Every strategy has an embedded risk-reward ratio and thus an effective beta. Ethics is no exception. The malleability (or lack of it) of your approach to ethics effectively determine the sustainability (or lack of it) of your success story
Gandhiji’s birthday , now more significant from the holiday standpoint than anything else, presents an opportune moment for us to reflect on this !!
This Black Box of Ethical Dilemmas has tested us at different junctures of life, be it personal or professional !!
Its a barrage of never ending questions with no clear cut answers.
Is it ok to copy a few answers from my friend and secure a better grade in this exam?
Is it ok to present an exaggerated version of my resume, just to secure that first job
Is it ok to call in sick , bunk office and appear for that interview for the next job ?
Is it ok to lie to my partner and say rose things about myself during courtship?
As we enter the corporate world, the magnitude gets a notch higher
Is it ok to reverse provisions in my books of accounts just to jack up the profits this quarter and meet analyst expectations?
Is it ok for me to bribe for securing that super profitable government contract or that vendor empanelment?
Is it ok to malign my colleague or take credit for his/her work?
Corporate scandals, government corruption, cheating, stealing, lying are ever-present and ever-tempting.
In response, a lot of us have often adopted a malleable approach to ethics !!
Real-world competitive and institutional pressures lead even the most well-intentioned managers astray
The answer we often give is
Its ok as long as it allows me to stay ahead on the Bell Curve.
Its ok as long as I don’t get caught
Its ok as long as it is altruistic in nature – it brings happiness to my parents, my lover, my shareholders.
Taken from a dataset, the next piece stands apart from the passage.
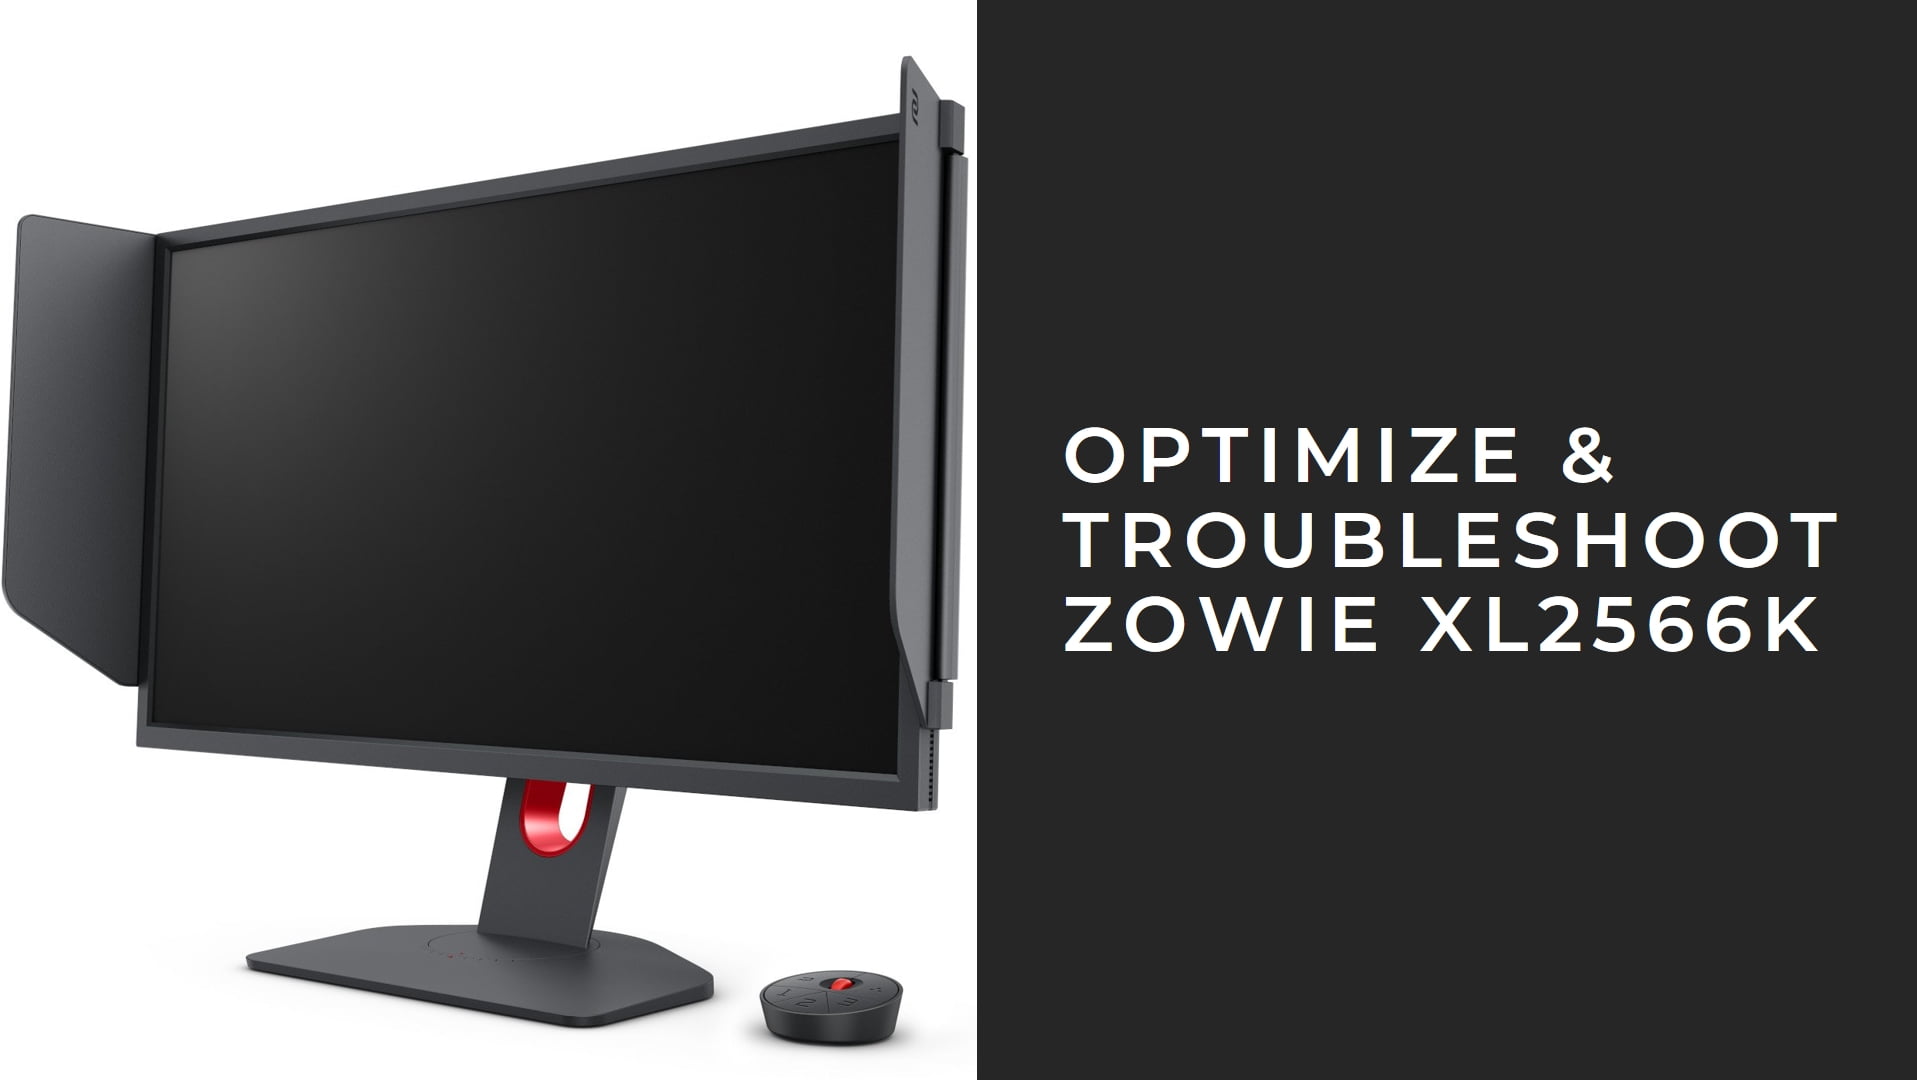 Optimize and Troubleshoot Your ZOWIE XL2566K

Often , as employees/entrepreneurs, you risk giving too much because of what your superiors demand from us. But the same superiors who keep pressing you to do more, or to do it better, or faster, or less expensively, will turn on you should you cross that fuzzy line between right and wrong. They will blame you for exceeding instructions or for ignoring their warnings. The smartest managers already know that the best answer to the question, “How far is too far?” is don’t try to find out.
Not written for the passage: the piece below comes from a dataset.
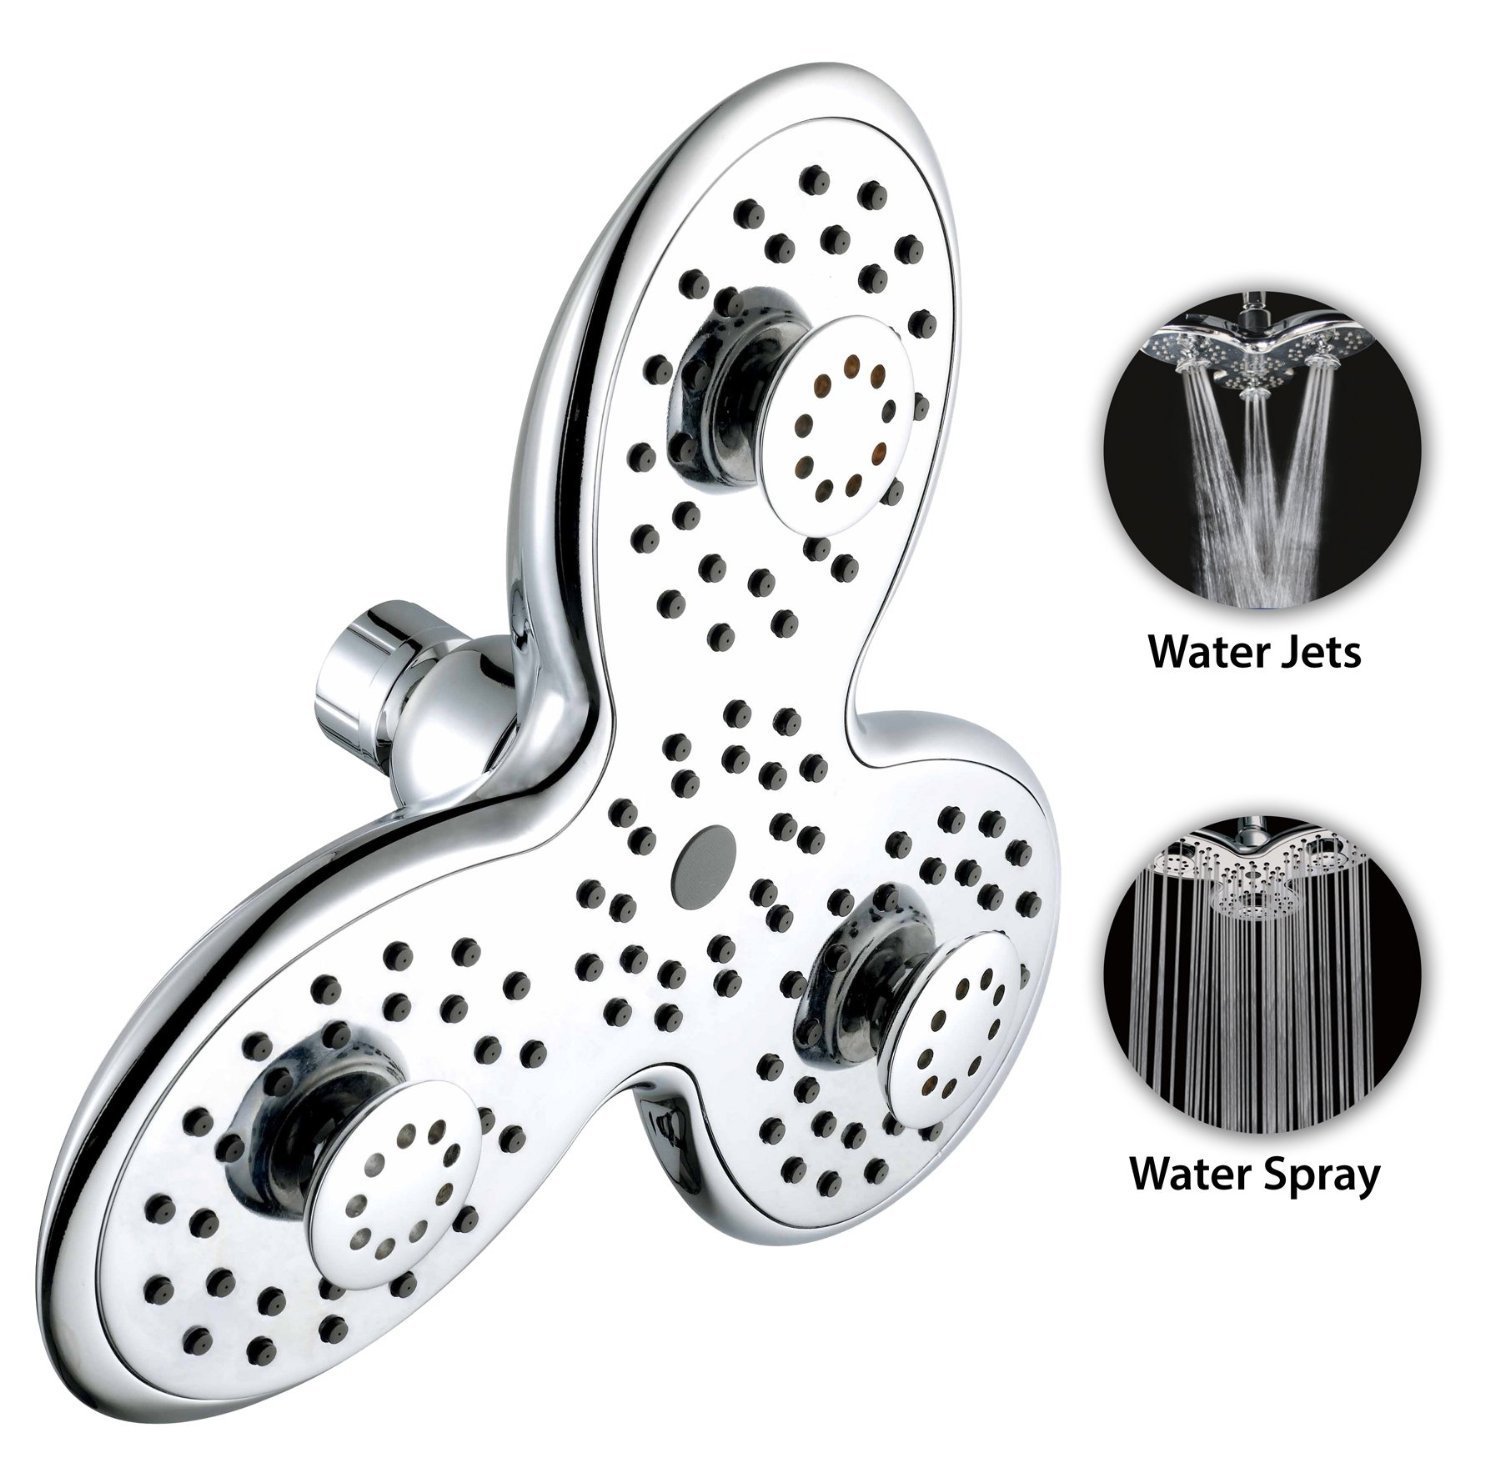 A-Flow™ Luxury Large 8 Showerhead with 3 Powerful Multi-Directional Massaging Water Jets

Ultimately we must realize that the Beta associated with a portfolio of dysfunctional ethical choices choices is very very high !! When the lid blows off, the consequences are quite disastrous
Take the example of the ‘diesel dupe’ by the legendary Volkswagen .
“We’ve totally screwed up,” said VW America boss Michael Horn, while group chief executive Martin Winterkorn said his company had “broken the trust of our customers and the public”.
With VW recalling almost 500,000 cars in the US alone, it has set aside €6.5bn to cover costs. Plus the potential fines, consumer lawsuits and criminal proceedings.
What were the rewards ? Astonishingly, they were peanuts in comparison to the current mayhem.
Compromising on state-of-the-art emissions technology between 2009 and 2014 probably saved VW a measly 4.3 bn €. The maths is simple- 10.8 mn diesel-powered cars * 400 € per car = 4.3 bn € over six years. If only the 482,000 cars actually sold in the US legally required this – since permitted NO2 levels in Europe are higher, tests less stringent and fines lower – the saving is less than 200 mn €.
With market capitalization falling almost 29 bn €, shareholders have lost more than 140 euros in market value for every single euro that VW saved by cutting corners on its diesel engines in the US. It’s hard to think of a better reminder that cheating doesn’t pay.
It is ironical that in the 1970s, under intense competition from Volkswagen; Ford had got stuck in a similar ethical loop . The Ford Pinto, a compact car, became notorious for its tendency in rear-end collisions to leak fuel and explode into flames. It took 25+ causalities before the company issued a recall to correct the problem. A probe revealed that engineers had discovered the potential danger of ruptured fuel tanks in pre-production crash tests, but the assembly line was ready to go, and the company’s leaders decided to proceed.
It was part of a formal cost-benefit analysis—The Net Present Value(NPV) of a redesign, potential lawsuits, and even lives Versus that of the repair. That methodical process colored how they viewed and made their choice. The moral dimension was not part of the equation. Its termed as “ethical fading” in management jargon, in other words- unconscious unethical behavior
Not sure whether installing codes of ethics, ethics training, compliance programs, and in-house watchdogs will help. It up to the company’s top management to send a clear and pragmatic message to all employees that good ethics is still the foundation of good business. We clearly can’t afford the boat of the global economy being capsized by another Arthur Anderson, Enron and Lehman Brothers.
Probably good ethics is still the foundation of good business 🙂
In the by-now famous words of former SEC Chairman John Shad: “Ethics pays.”